Keywords: Isma‘ili Law, Tayyibi, Zaydi, Imami, Fatimids, Qadi al-Nu‘man, Da‘a’im al-Islam, Kitab al-idah, isnad, hadith, ahl al-bayt, Imam Ja‘far al-Sadiq, Imam Muhammad al-Baqir.

 

This paper was delivered at the Congress of the American Oriental Society in Santa Barbara in March 1974. In it, Wilferd Madelung presents his exhaustive research into the origins and sources of a monumental document that was considered lost to history; the Kitab al-idah, Qadi al-Nu‘man's first legal work - a vast collection of legal traditions transmitted from the family of the Prophet (ahl al-bayt), indicating their points of consensus (ijma‘) and conflict (ikhtilaf) and elucidating what was firmly established doctrine in them with evidence and proofs. This article provides an invaluable resource for academics and students of Islamic studies and related fields.

Author

Wilferd Madelung 1930-2023

Professor Wilferd Madelung

A leading contemporary Islamicist, Professor Wilferd Madelung has made significant contributions to modern scholarship on mediaeval Islamic communities and movements, including Twelver Shi'ism, Zaydism and Ismailism. Educated at the Universities of Cairo and Hamburg, he became Professor of Islamic Studies at the University of Chicago in 1969 and the Laudian Professor of Arabic at the University of Oxford from 1978.

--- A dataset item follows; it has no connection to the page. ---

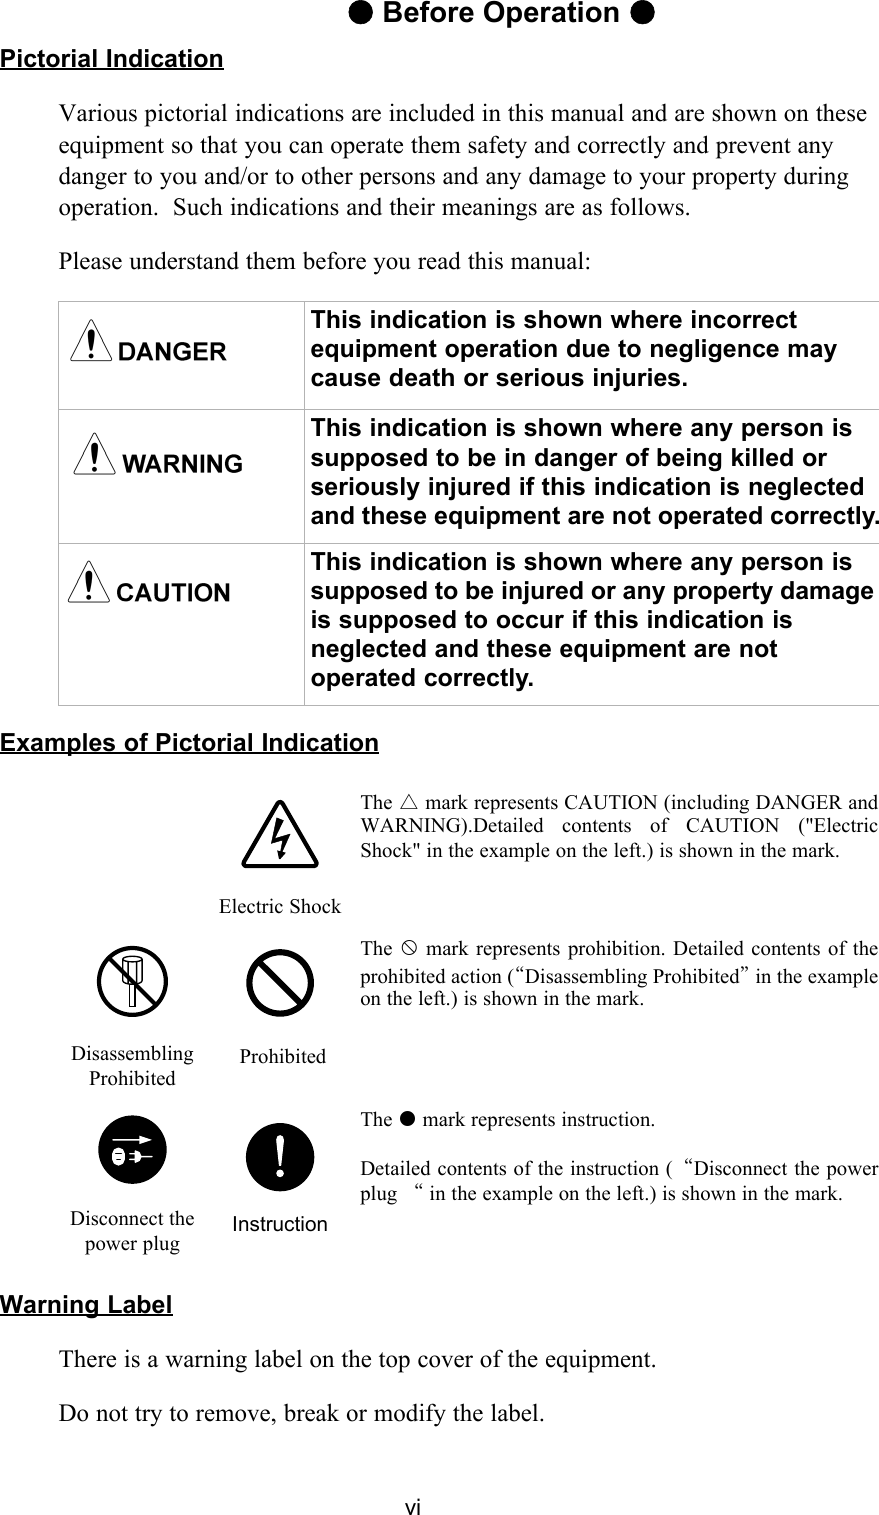 vi●Before Operation ●Pictorial IndicationVarious pictorial indications are included in this manual and are shown on these equipment so that you can operate them safety and correctly and prevent any danger to you and/or to other persons and any damage to your property during operation.  Such indications and their meanings are as follows.Please understand them before you read this manual: Examples of Pictorial IndicationWarning LabelThere is a warning label on the top cover of the equipment.Do not try to remove, break or modify the label.This indication is shown where incorrect equipment operation due to negligence may cause death or serious injuries.This indication is shown where any person is supposed to be in danger of being killed or seriously injured if this indication is neglected and these equipment are not operated correctly.This indication is shown where any person is supposed to be injured or any property damage is supposed to occur if this indication is neglected and these equipment are not operated correctly.Electric ShockThe △ mark represents CAUTION (including DANGER andWARNING).Detailed contents of CAUTION (&quot;ElectricShock&quot; in the example on the left.) is shown in the mark.Disassembling Prohibited ProhibitedThe  mark represents prohibition. Detailed contents of theprohibited action (“Disassembling Prohibited” in the exampleon the left.) is shown in the mark.Disconnect the power plug InstructionThe  mark represents instruction.Detailed contents of the instruction (“Disconnect the powerplug “ in the example on the left.) is shown in the mark.!

Among his recent publications are Religious Schools and Sects in Mediaeval Islam (London, 1985), Religious Trends in Early Islamic Iran (Albany, NY, 1988), Religious and Ethnic Movements in Mediaeval Islam (Hampshire, 1992), The Succession to Muhammad: A Study of the Early Caliphate (Cambridge, 1997), and with Paul E. Walker An Ismaili Heresiography (Leiden, 1998). He has contributed extensively to The Encyclopaedia of Islam, Encycopaedia Iranica of which he is also a Consulting Editor, and learned journals.